Mais alors j'aimais bien mieux vagabonder dans la montagne. Devant ces libres espaces, mon imagination osait déployer ses ailes plus follement que jamais ; et puis, là, je ne craignais pas que l'arrivée soudaine de quelqu'un vînt me déranger quand ma pensée s'occupait au délicat travail qu'exige la construction des rêves ; pour mieux leur donner l'apparence de la réalité, je pouvais même, sans crainte de passer pour fou, faire les gestes, prononcer les mots appropriés à la circonstance : ainsi, lorsque je m'essoufflais à grimper le long d'une pente, je me retournais parfois, la main tendue, et je disais : — Prends ma main, Lilette ; sois un peu courageuse, nous allons arriver… Fais attention à cette pierre, à cette ronce… Attends…
Et je me baissais, et, comme si la pierre et la ronce eussent pu vraiment blesser ou entraver les doux pieds de ma petite amie, je les écartais du chemin…
Dans les premiers temps de leur mariage, ma mère et M. d'Escorral allèrent souvent au pic d'Astaran remercier la morte qui, reconnaissante de tant de piété et d'amour, avait, par une occulte et tendre influence, uni deux êtres créés pour puiser l'un dans l'autre un parfait bonheur. Ils m'y emmenèrent un jour. De là-haut, j'aperçus un merveilleux horizon ; les monts, sur plus de dix lieues, s'abaissaient peu à peu vers la plaine que l'on voyait au loin confuse, indéfinie et pareille à la mer telle que je pouvais l'imaginer. Je me serais cru volontiers sur la plus haute marche d'un immense escalier qui reliait le ciel à la terre. M. d'Escorral désignait du doigt certains clochers et disait des noms de villages ; mais je l'écoutais distraitement ; devant moi, dans une échancrure du paysage, un château en ruines apparaissait au flanc d'un mont ; je venais de reconnaître Balem, et mon cœur battait très fort. Certes, depuis le départ de Lilette, j'étais allé rôder autour de la maison où elle était née ; mais en cet endroit où je venais d'éprouver violemment les émotions que procurent à certaines âmes la contemplation de la nature et le voisinage de la mort, l'apparition inattendue de ces vieux murs prit pour moi une importance extraordinaire.
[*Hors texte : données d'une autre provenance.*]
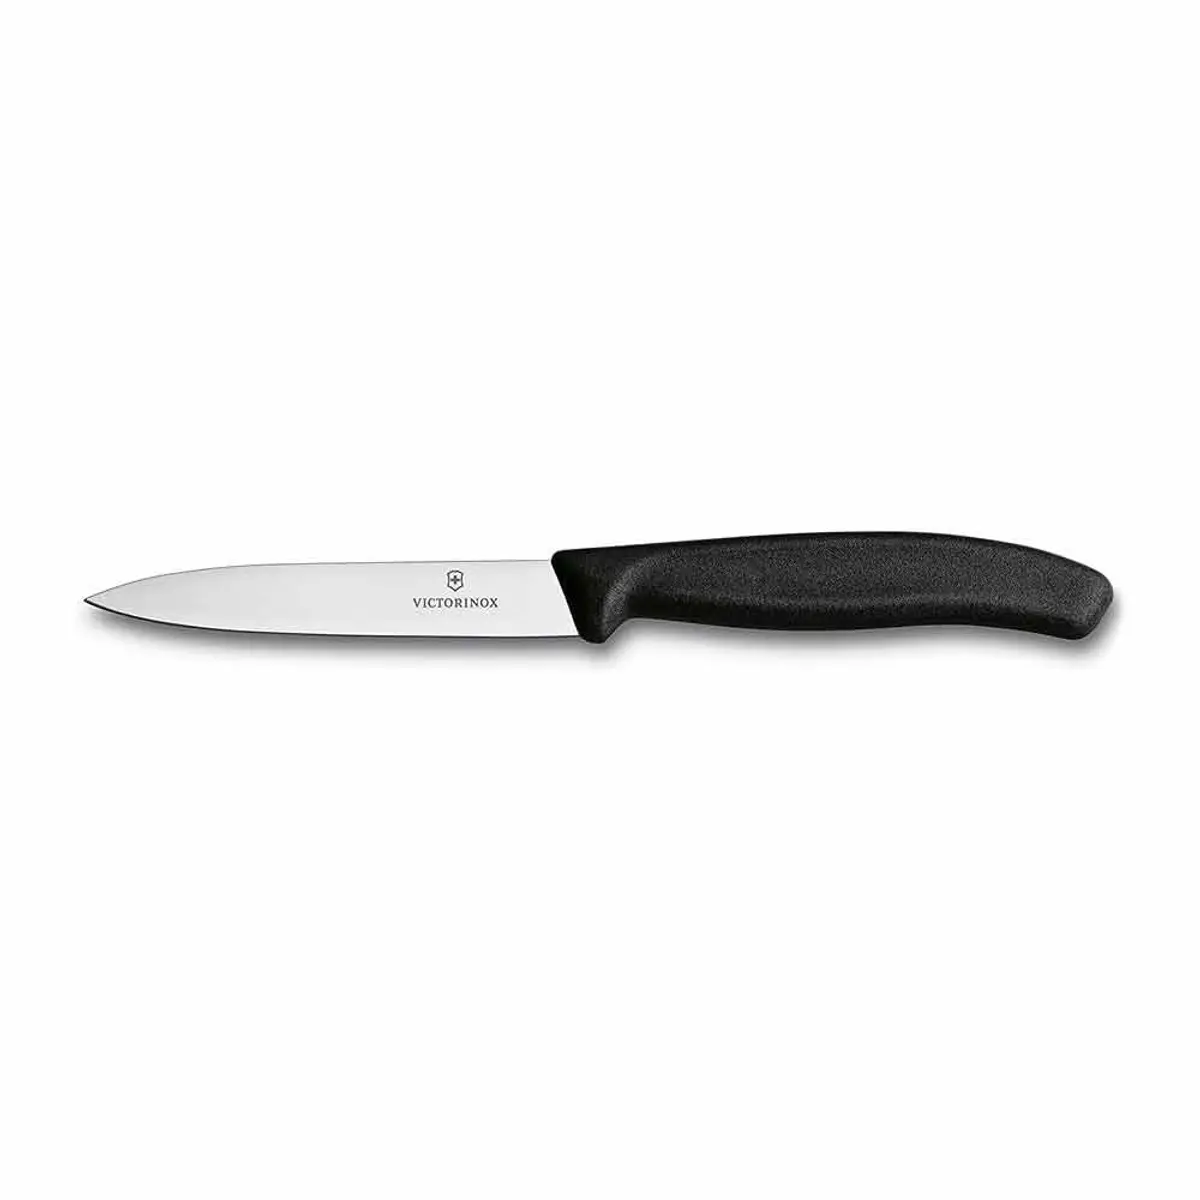 Victorinox 4-Inch Swiss Classic Paring Knife with Straight Blade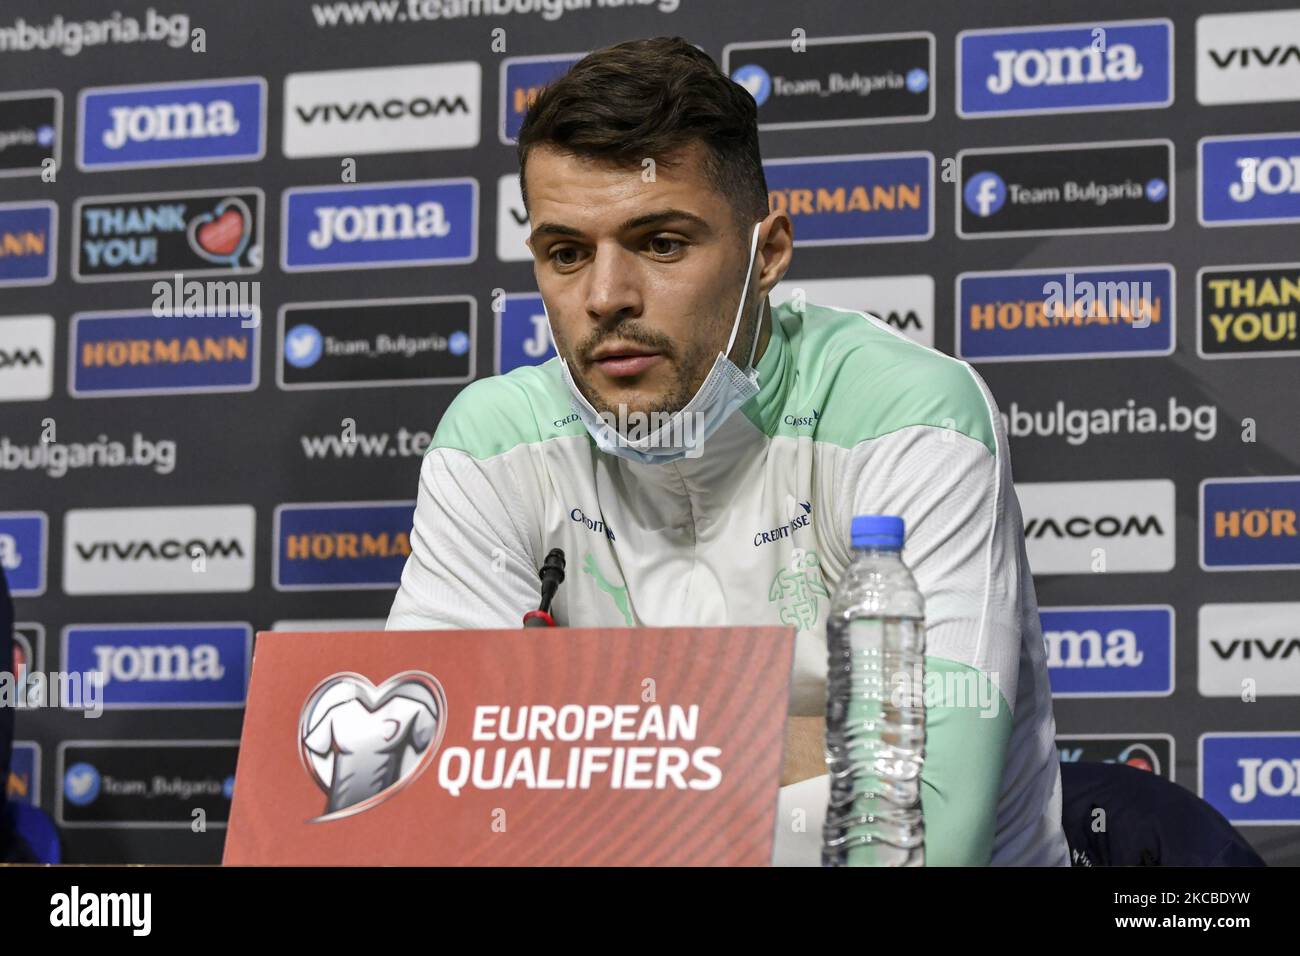 Swiss national team player Granit Xhaka attend a press conference in Sofia, Bulgaria, 24 March 2021. Switzerland will face Bulgaria in their FIFA World Cup 2022 qualification group C soccer match on 25 March 2021. (Photo by Georgi Paleykov/NurPhoto) Stock Photo

Depuis, je revins bien souvent au pic d'Astaran et là, debout sur une roche, tourné vers Balem, j'appelais « Lilette! Lilette!… » de toutes mes forces… Oui, c'était là qu'elle viendrait un jour me retrouver, là, devant ces montagnes et devant cette tombe que nous échangerions les promesses éternelles… Je contemplais au fond de moi-même toutes sortes de pensées grandioses et vagues ; et puis, il me semblait qu'une douce sympathie veillait sur moi… Ah! sous la neige, un cœur aimant de vierge endormie devait battre à l'unisson du mien!… Ainsi mon amour puisait une force nouvelle aux sources fécondes du mystère ; une étrange exaltation m'emportait pour ainsi dire aux cimes de moi-même ; je m'agenouillais sur le sol en murmurant des paroles délirantes et bientôt je croyais entendre, comme pour me pousser irrévocablement dans la voie de mon rêve, la petite morte d'Astaran murmurer à mon oreille le nom de la petite absente de Balem.